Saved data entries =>

-- -- --

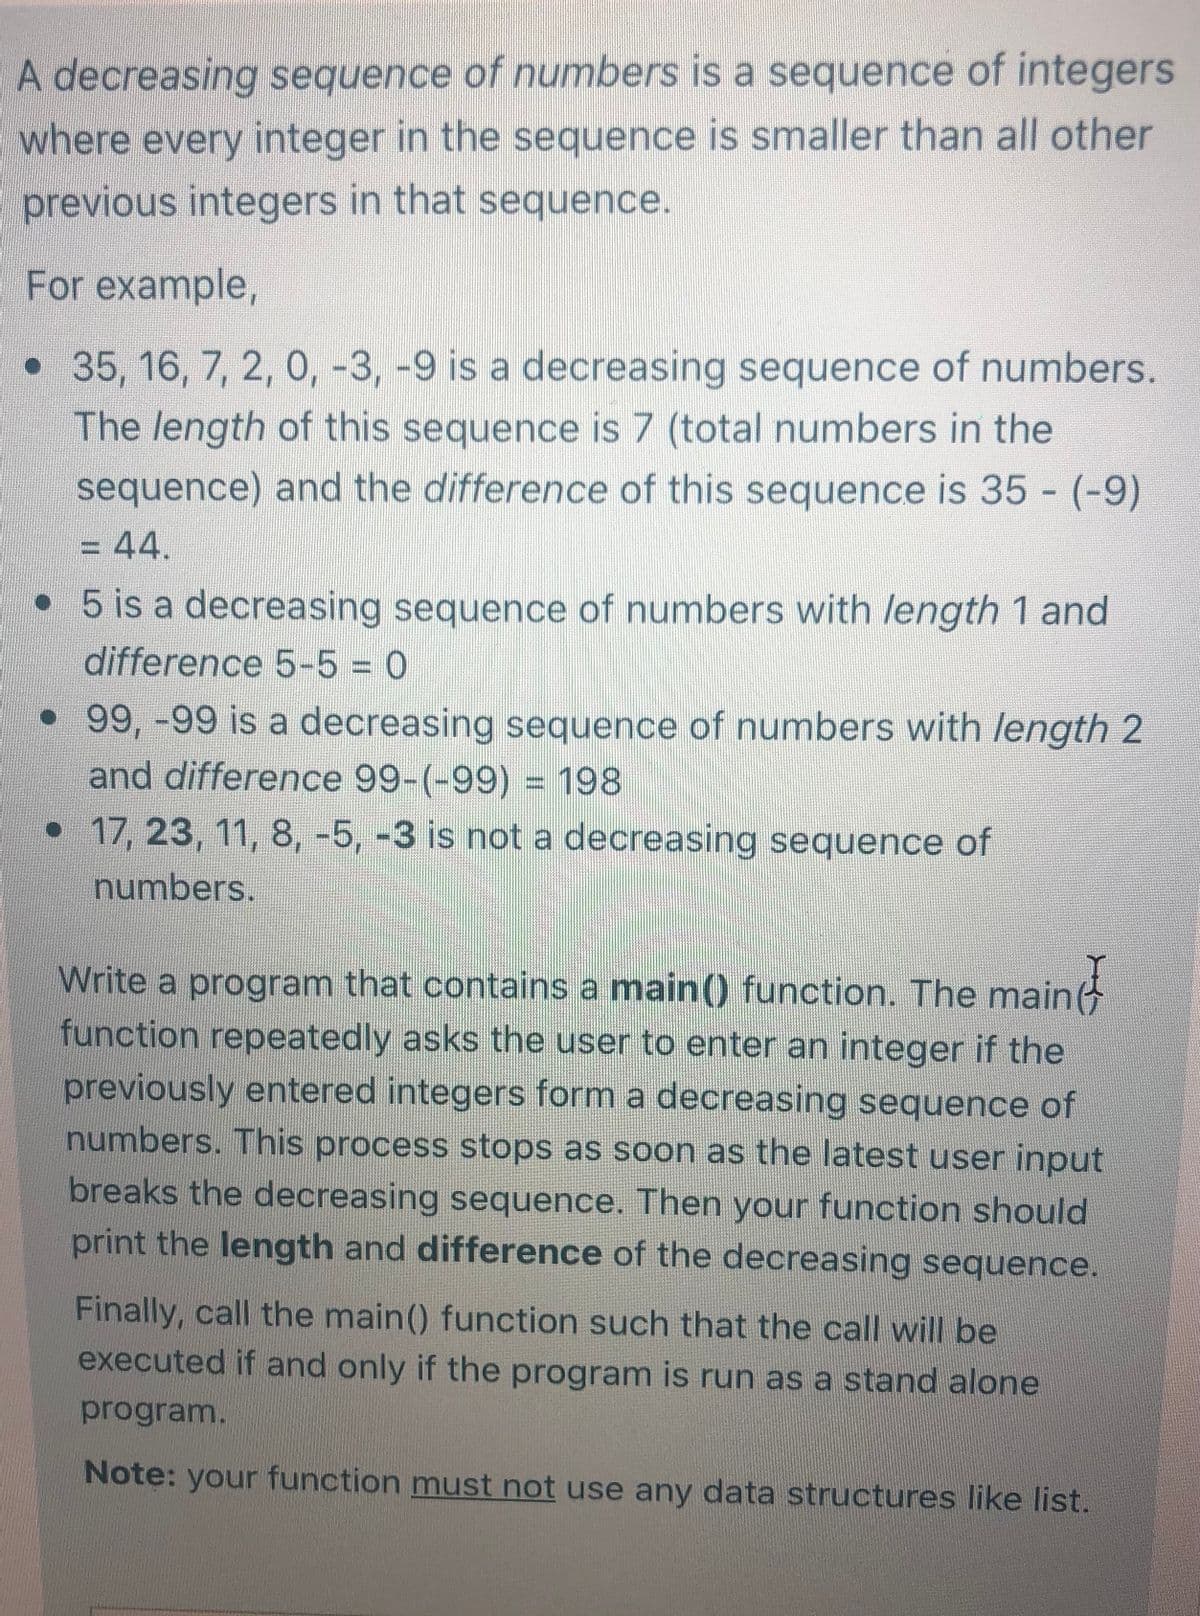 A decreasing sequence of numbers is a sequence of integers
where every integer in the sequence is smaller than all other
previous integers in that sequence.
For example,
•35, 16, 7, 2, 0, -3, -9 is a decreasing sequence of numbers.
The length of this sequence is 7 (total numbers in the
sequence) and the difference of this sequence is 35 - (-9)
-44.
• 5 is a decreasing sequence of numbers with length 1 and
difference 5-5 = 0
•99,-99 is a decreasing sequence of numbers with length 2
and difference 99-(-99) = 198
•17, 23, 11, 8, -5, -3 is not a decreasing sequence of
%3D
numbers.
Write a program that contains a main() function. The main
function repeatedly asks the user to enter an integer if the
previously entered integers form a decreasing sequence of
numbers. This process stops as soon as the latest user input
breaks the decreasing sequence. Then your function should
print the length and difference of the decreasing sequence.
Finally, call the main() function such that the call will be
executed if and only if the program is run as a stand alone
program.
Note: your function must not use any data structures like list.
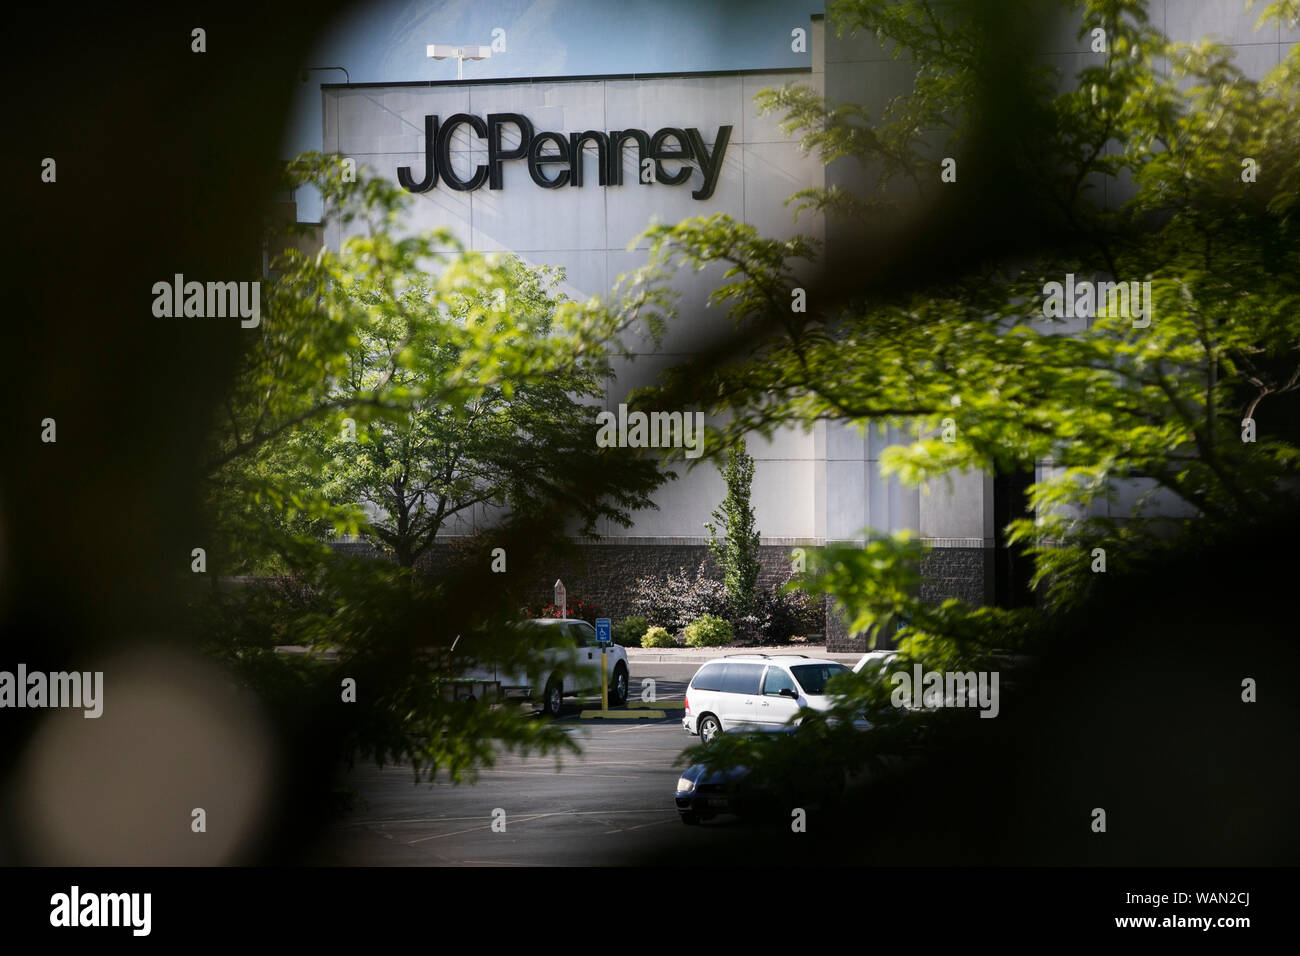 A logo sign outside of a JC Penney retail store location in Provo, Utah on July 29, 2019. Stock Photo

-- -- --

Exercise =>
Reproduce only the lines between the line with "Note: your function" and the final line of the records, both included, so that the copy matches them exactly and contains no pictures.

Task result =>
Note: your function must not use any data structures like list.
 A logo sign outside of a JC Penney retail store location in Provo, Utah on July 29, 2019. Stock Photo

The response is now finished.